The invention belongs to the technical field of monitoring of plant varieties and in particular discloses a method for detecting phalaenopsis amabilis mutants. Four varieties including 'HongMantianHong', 'Guangmangsishe', V31 and 'Hongzhenzhu' and mutants thereof can be completely distinguished through utilizing combination of ten pairs of primers including SSR1, SSR2, SSR3, SSR4, SSR5, SSR6, SSR7, SSR8, SSR9 and SSR10; sequences of the ten pairs of primers including the SSR1, the R2, the SSR3, the SSR4, the SSR5, the SSR6, the SSR7, the SSR8, the SSR9 and the SSR10 are shown as SEQ: 1 to 20. The detection method disclosed by the invention can be used for screening the mutants, which do not meet growth requirements, at a bottle seedling period, so that the production of large-scale production is saved.

Description

A kind of method of detection iris mutant
Technical field
The present invention relates to plant variety monitoring technical field, in particular it relates to a kind of method of detection iris mutant.
Background technology
Iris is the class orchid for originating in Tropical Asian area, and flower-shape is peculiar, and pattern enriches, with high Ornamental values and the economic values.At present mainly by the approach breeding seedling of tissue culture, this makes for the large-scale production of iris Its production cost is higher, growth cycle is longer, and going out bottle seedling from tissue culture and selling to blooming probably needs 18 months.Then, due to Many mutagens during tissue culture, iris can produce a certain amount of mutant during tissue culture, and mutant is not simultaneously inconsistent The requirement of commodity production is closed, production cost can be increased again, it is very unfavorable to large-scale commercial production.So efficient iris Mutant detection technique is very necessary.
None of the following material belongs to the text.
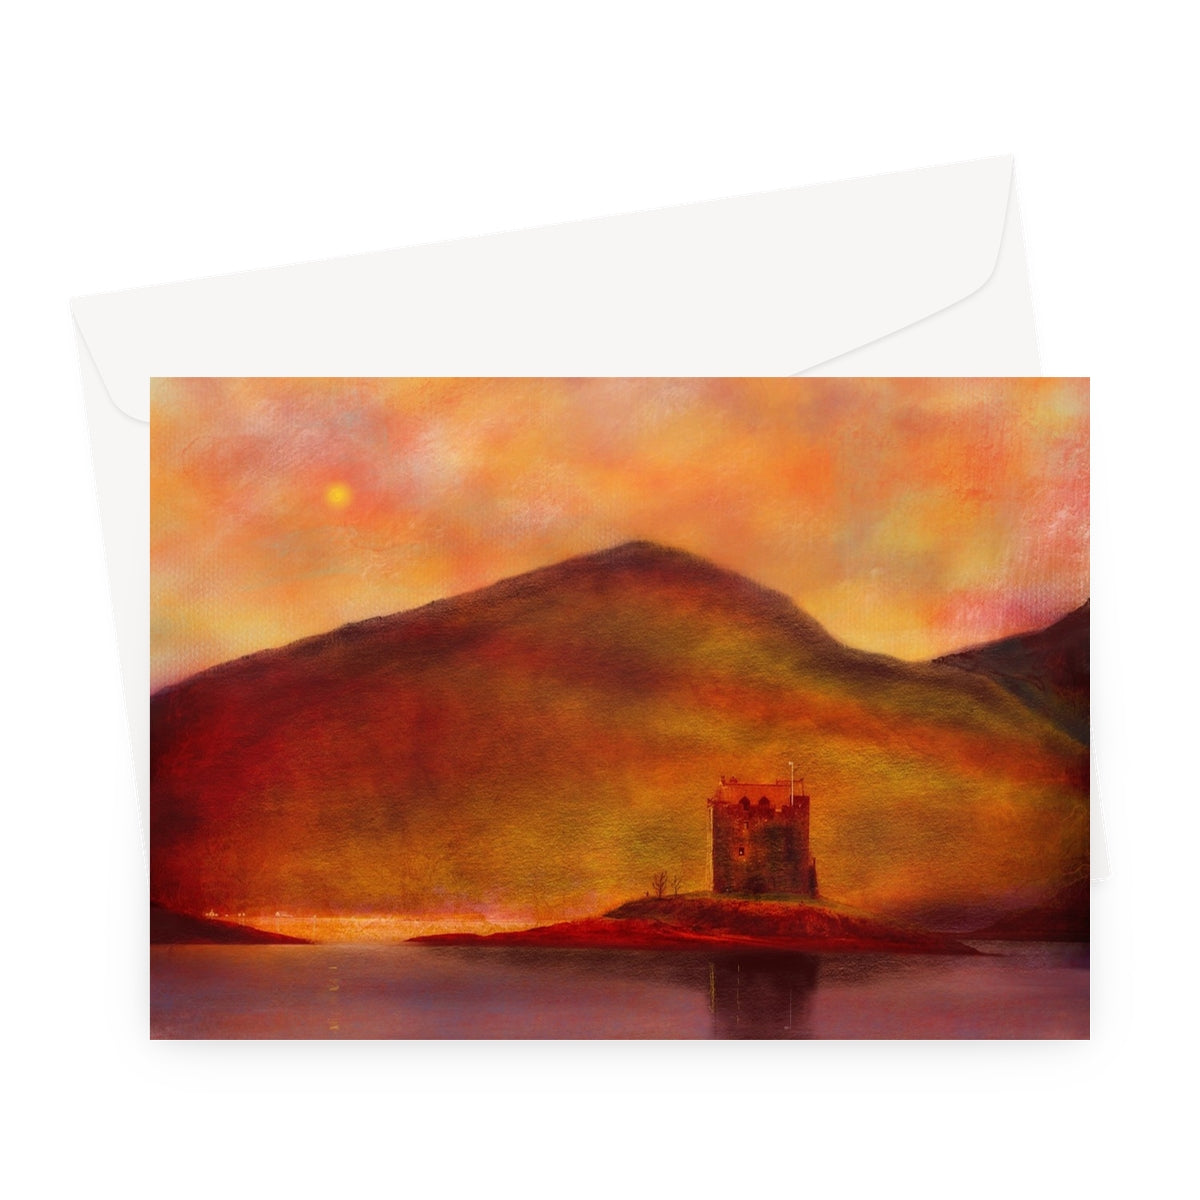 Castle Stalker Sunset Art Gifts Greeting Card-Greetings Cards-Historic & Iconic Scotland Art Gallery-A5 Landscape-10 Cards-Paintings, Prints, Homeware, Art Gifts From Scotland By Scottish Artist Kevin Hunter

There is RAPD to detect currently used for the detection method of iris mutant, such as 2013 Xiao Wenfang disclose several frequently seen The RAPD detection methods of iris tissue culture mutant, type can be incised using 7 random primers by ' red red ' iris and its flower Mutant is distinguished, and can be distinguished ' all over the sky red ' iris and its pattern mosaic type mutant using 6 primers, but not Relevant primer can be found from 50 random primers by ' red red ' iris and its petal lip mutant.Although RAPD is detected Method is equally applicable to mutant detection, but, the detection method has unsurmountable defect:(1)Experimental repeatability and steady Qualitative extreme difference;(2)Gel electrophoresiss can only separate the larger DNA fragmentation of difference in length, and can not separate those molecular weight it is identical or The sample of difference very little.
The content of the invention
The invention aims to overcome the deficiencies in the prior art, there is provided a kind of method of detection iris mutant, The mutant for not meeting Production requirement is just screened out in the bottle seedling phase, the production cost of large-scale production is saved.
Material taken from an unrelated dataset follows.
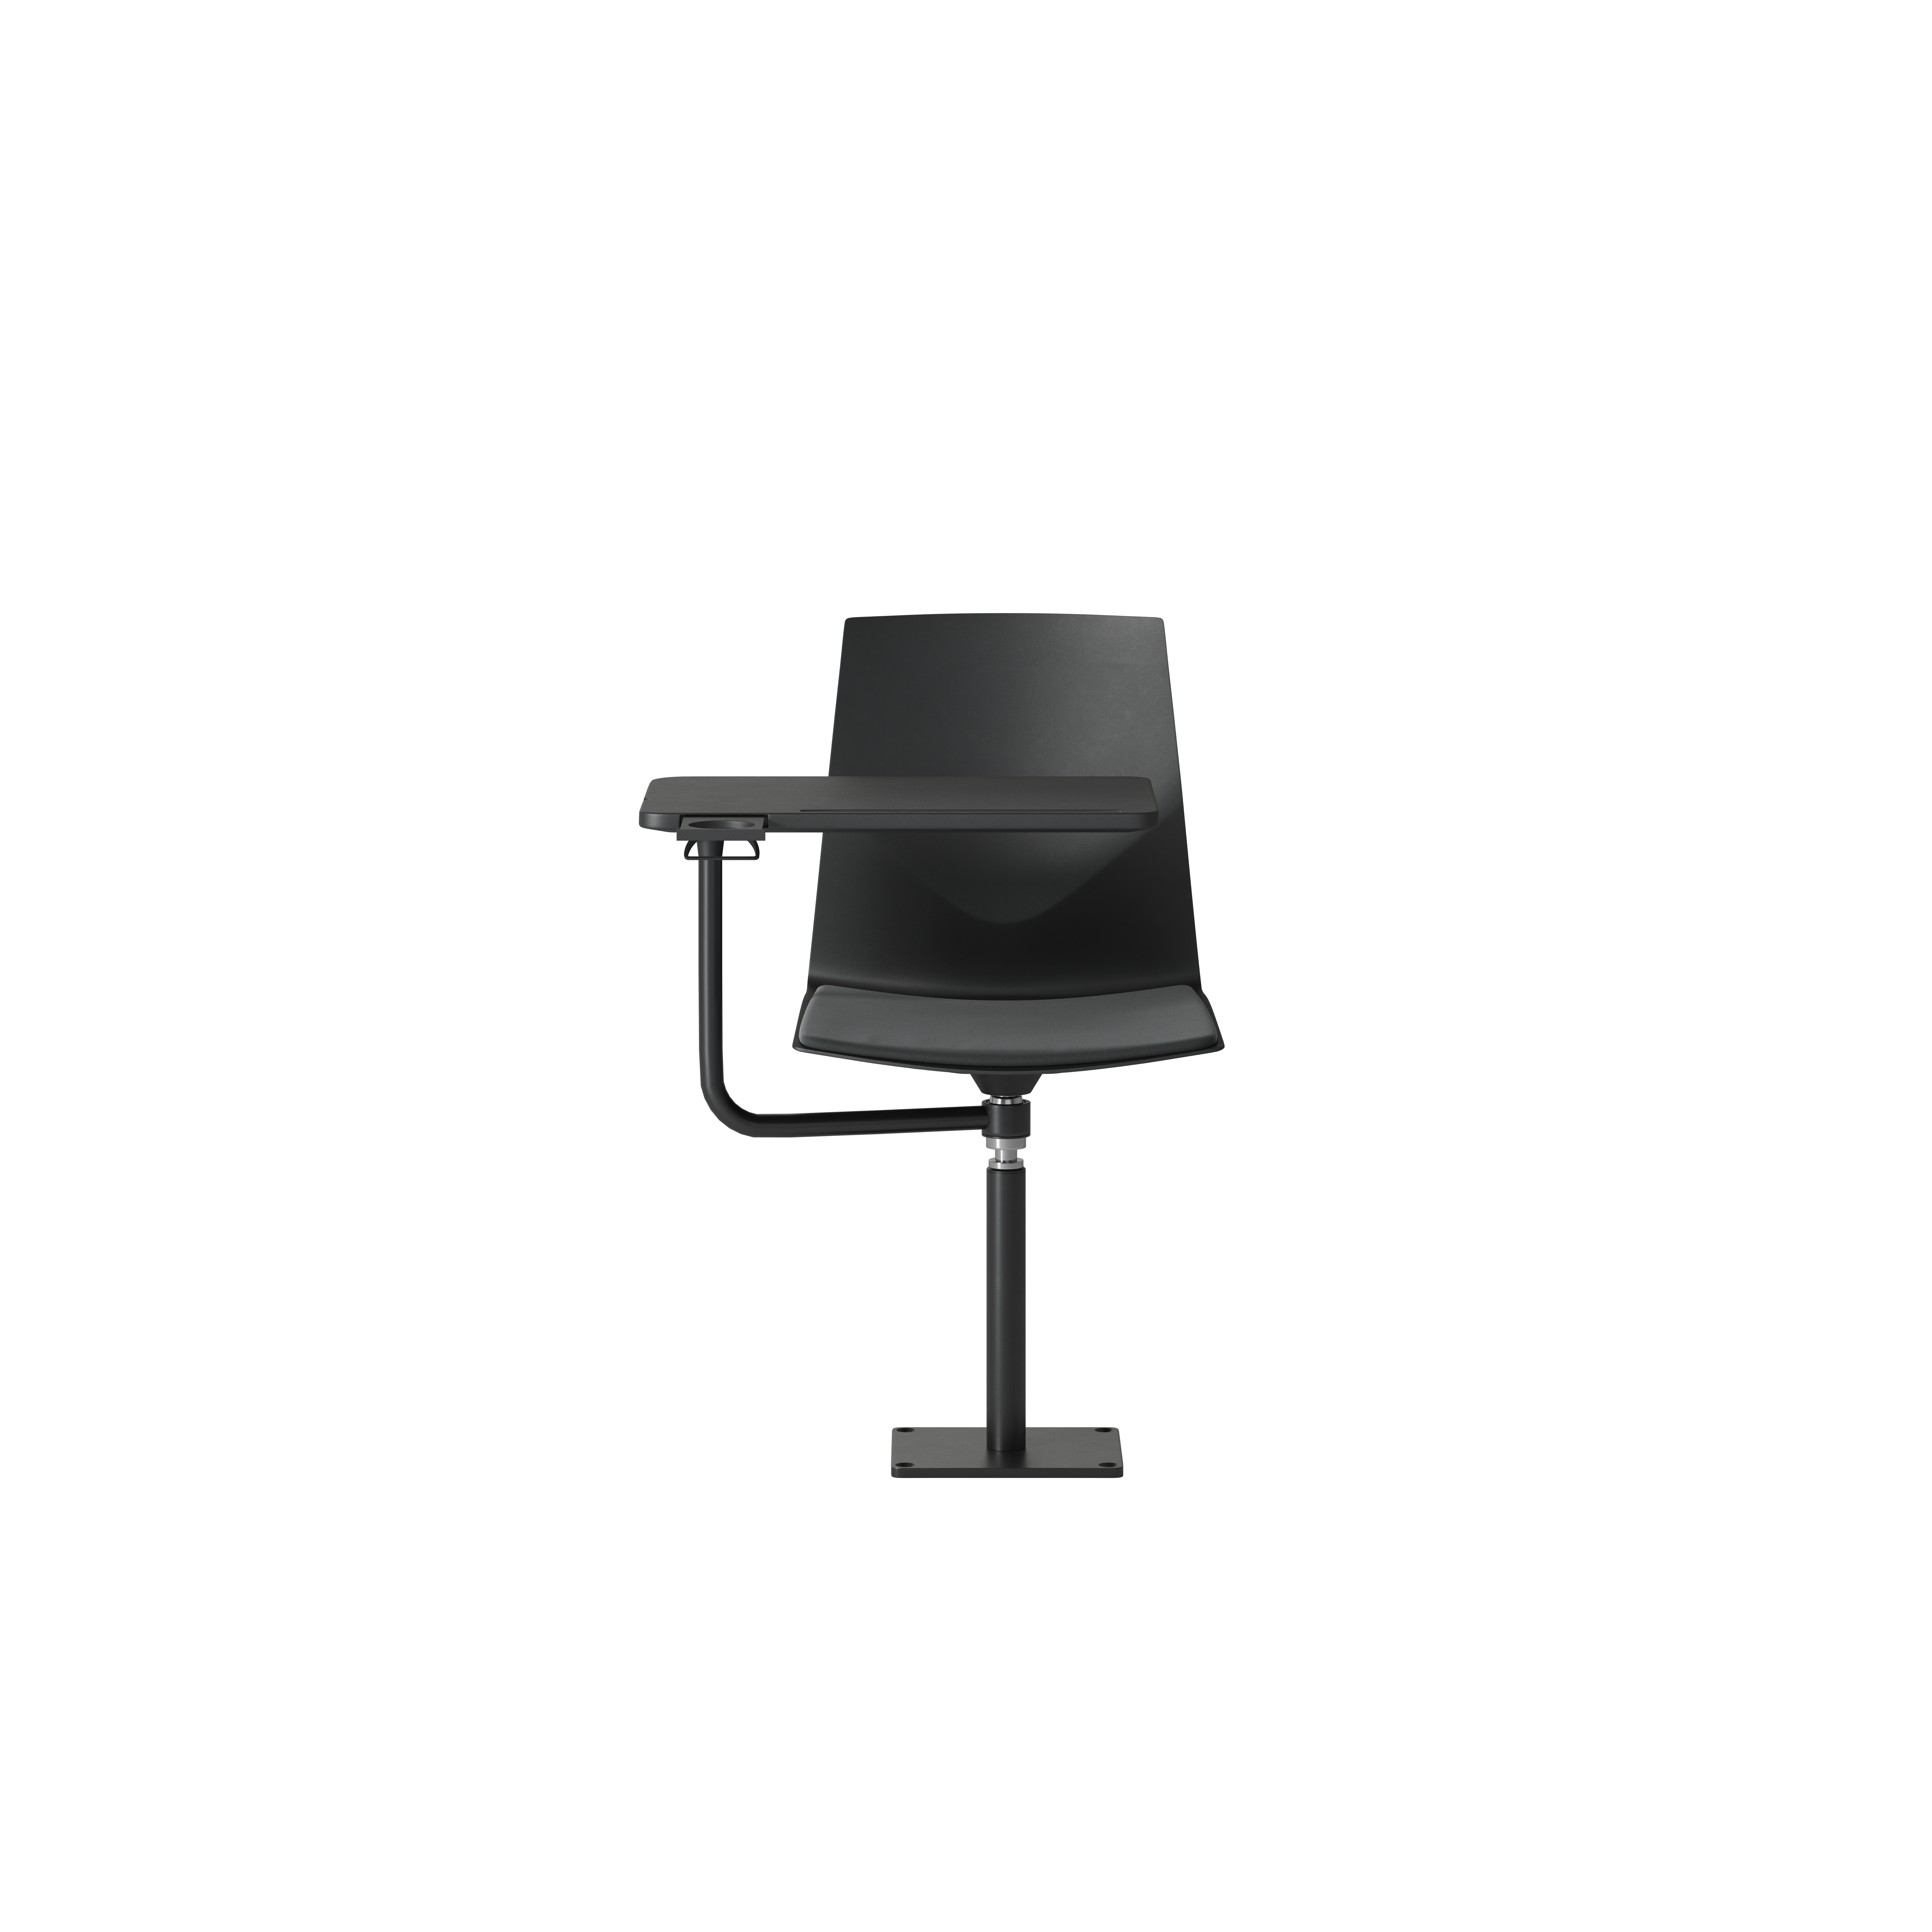 OCEE_FOUR - Chairs - FourCast2 Audi - Plastic shell - Seat Pad - Innotab - Swivel Frame - Packshot Image 6

To achieve these goals, the present invention is achieved by the following technical programs.
Primer is made up of SSR1, SSR2, SSR3, SSR4, SSR5, SSR6, SSR7, SSR8, SSR9 and SSR10 ten, SSR1 primer sequences such as SEQ ID:Shown in 1~2, SSR2 primer sequences such as SEQ ID:Shown in 3~4, SSR3 primer sequences such as SEQ ID:Shown in 5~6;SSR4 primer sequences such as SEQ ID:Shown in 7~8;SSR5 primer sequences such as SEQ ID:Shown in 9~10;SSR6 Primer sequence such as SEQ ID:Shown in 11~12;SSR7 primer sequences such as SEQ ID:Shown in 13~14;SSR8 primer sequences such as SEQ ID:Shown in 15~16;SSR9 primer sequences such as SEQ ID:Shown in 17~18;SSR10 primer sequences such as SEQ ID:19~20 institutes Show;The kind of the iris is red, shining, V31 all over the sky and red Margarita.
The present invention just can completely will ' red over the sky ', ' shining ', V31 and ' red Margarita ' using the combination of the 10 pairs of primers 4 kinds and its mutant are all distinguished.
It is prominent in SSR fluorescent labeling capillary electrophoresis detections iris that the present invention is also claimed primer combination as above Application in variant.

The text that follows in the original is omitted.